The airline has partnered with tour operator Logitravel and accommodation site World2Meet to create the service, which is currently operating in the UK, Ireland and Germany. It will continue to expand its service by increasing its accommodation providers to five by the end of March.

READ MORE: Ryanair looks to grow loyalty scheme by making membership automatic

The move comes after the airline says it saw an “obvious” gap in the market, with 25% of its customers already booking their own package deals elsewhere.

“We’re not looking for new customers, we’re looking to our current customers. We have 30 million of our 120 million customers already booking Ryanair air flights as part of a package experience,” Jacobs tells Marketing Week.

Jacobs compares the new venture to Ryanair becoming the “Amazon of air travel”, as he says the fact it is the most visited airline site in the world and people always start with flights when it comes to booking, stands it in good stead.

Our core business is still the core business – having the lowest fares, being bastards on cost and winning market share from the competition.

Kenny Jacobs, Ryanair

He says the move is part of the company’s digital transformation and a recognition of the diverse needs people have when it comes to booking holidays, as some people may want a cheap flight with a 5* hotel, or a 3* hotel but with expensive air transfers.

Despite the offer of more luxurious hotels, one of which Jacobs says he himself has packaged with a Ryanair flight for a trip to Barcelona, the company says it is not losing site of its main goal and Ryanair’s vision of being “all about costs”

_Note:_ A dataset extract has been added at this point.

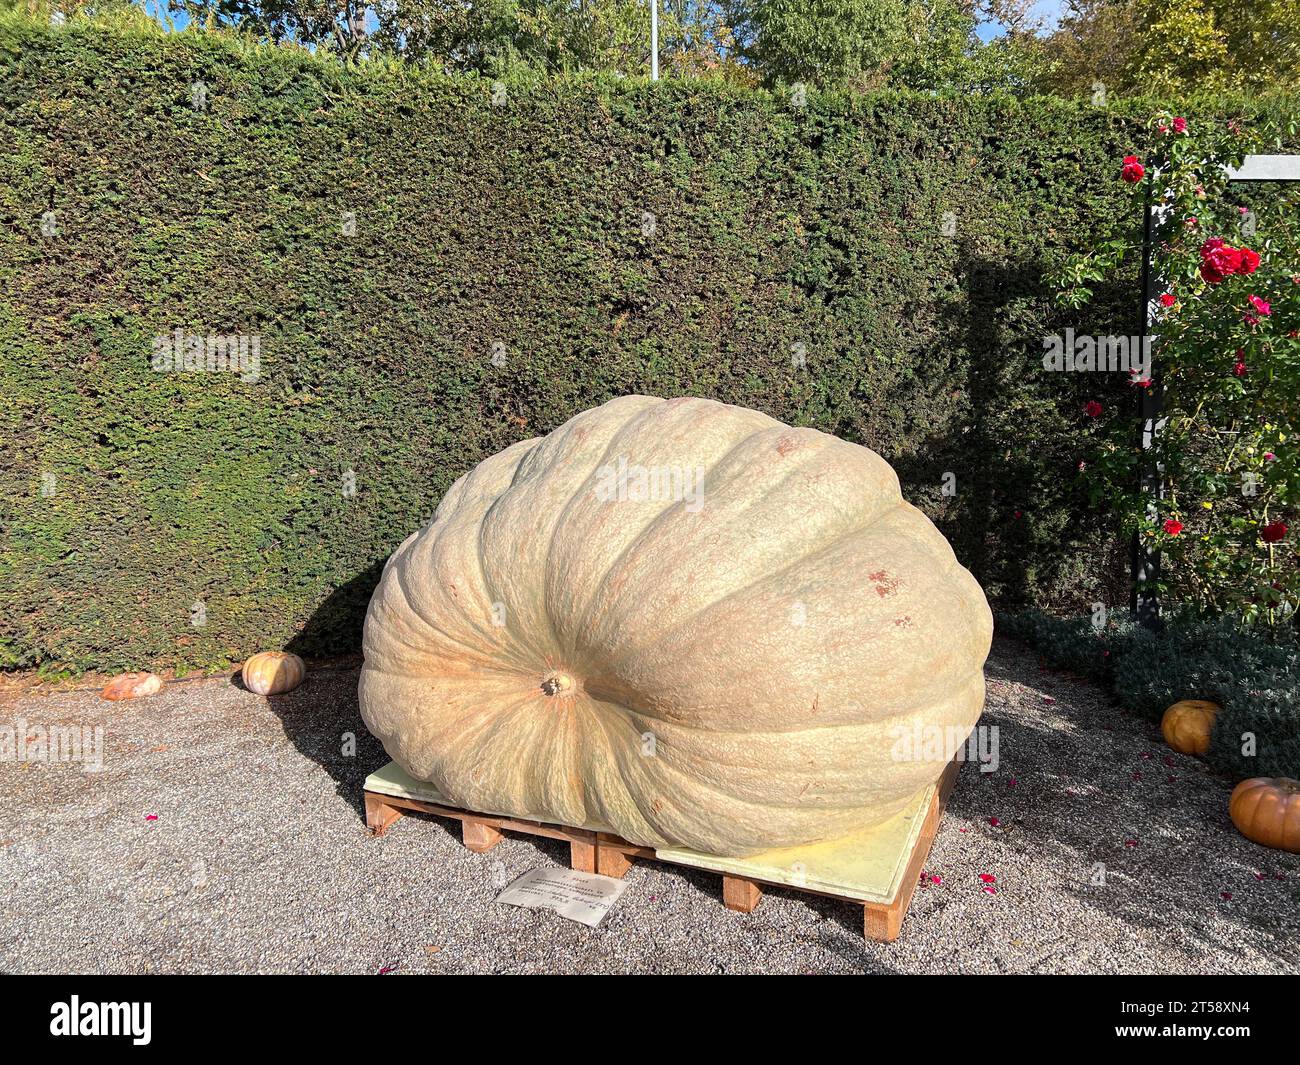 Enorme zucca del peso di 973 kg al festival della zucca in Germania Foto Stock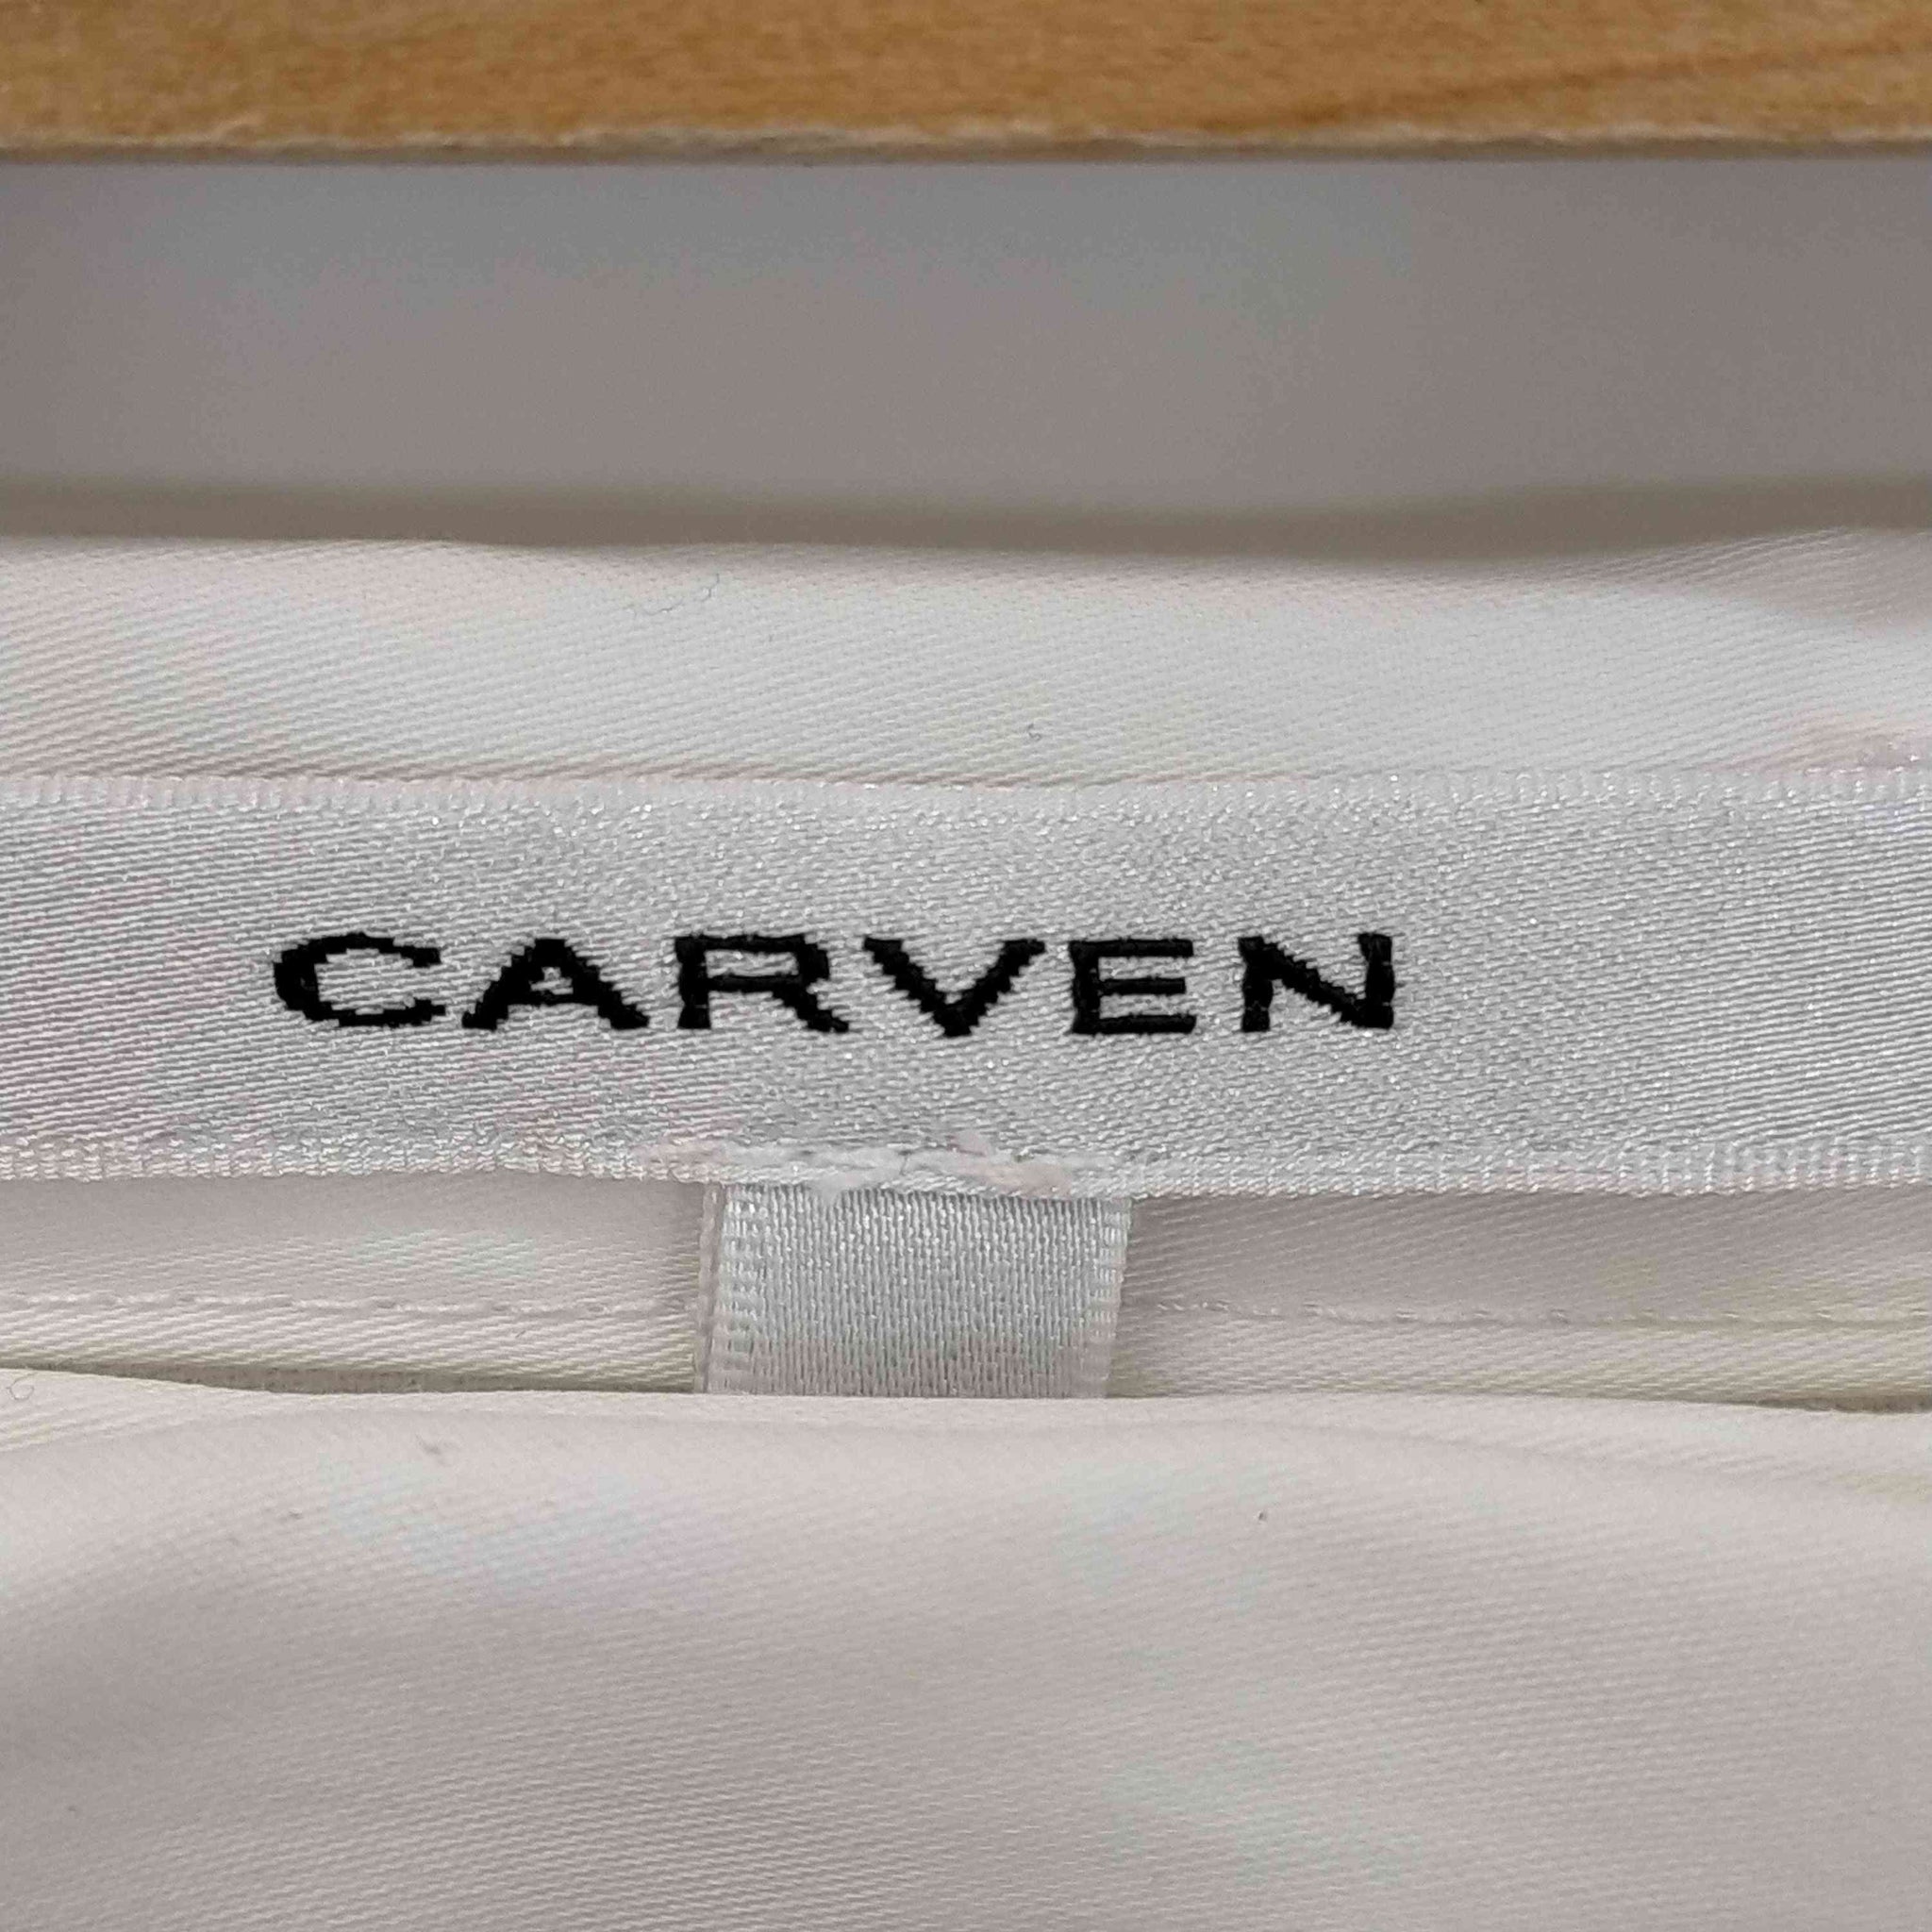 CARVEN(カルヴェン)シルク混 ナイロン フロッキー フラワーパターン スカート

“Because of our flights, which are on average £35, the package will be considerably cheaper – in the range of 10% up to 25%,” Jacobs says.

READ MORE: Ryanair wants to work with Airbnb and Booking.com with its new accommodation service

“Our core business is still the core business – having the lowest fares, being bastards on cost and winning market share from competition, and we’ve done that better than anyone in the business.”

When asked whether Ryanair is diversifying too far away from its core business, Jacobs says that is a question the company asks itself every day, but that it has proven itself with its digital transformation over the last few years, having increased its annual traffic from 80 million to 120 million. And he says that it wants to win out over tech giants such as Google in the travel space.

“Half of the online travel agencies that exist in the UK today will be gone in the next two to five years and we’re going to go after that market. Google has big eyes for that market and Amazon would be silly not to too. We want to lead that and be part of it. We’ve earnt our digital stripes,” Jacobs says.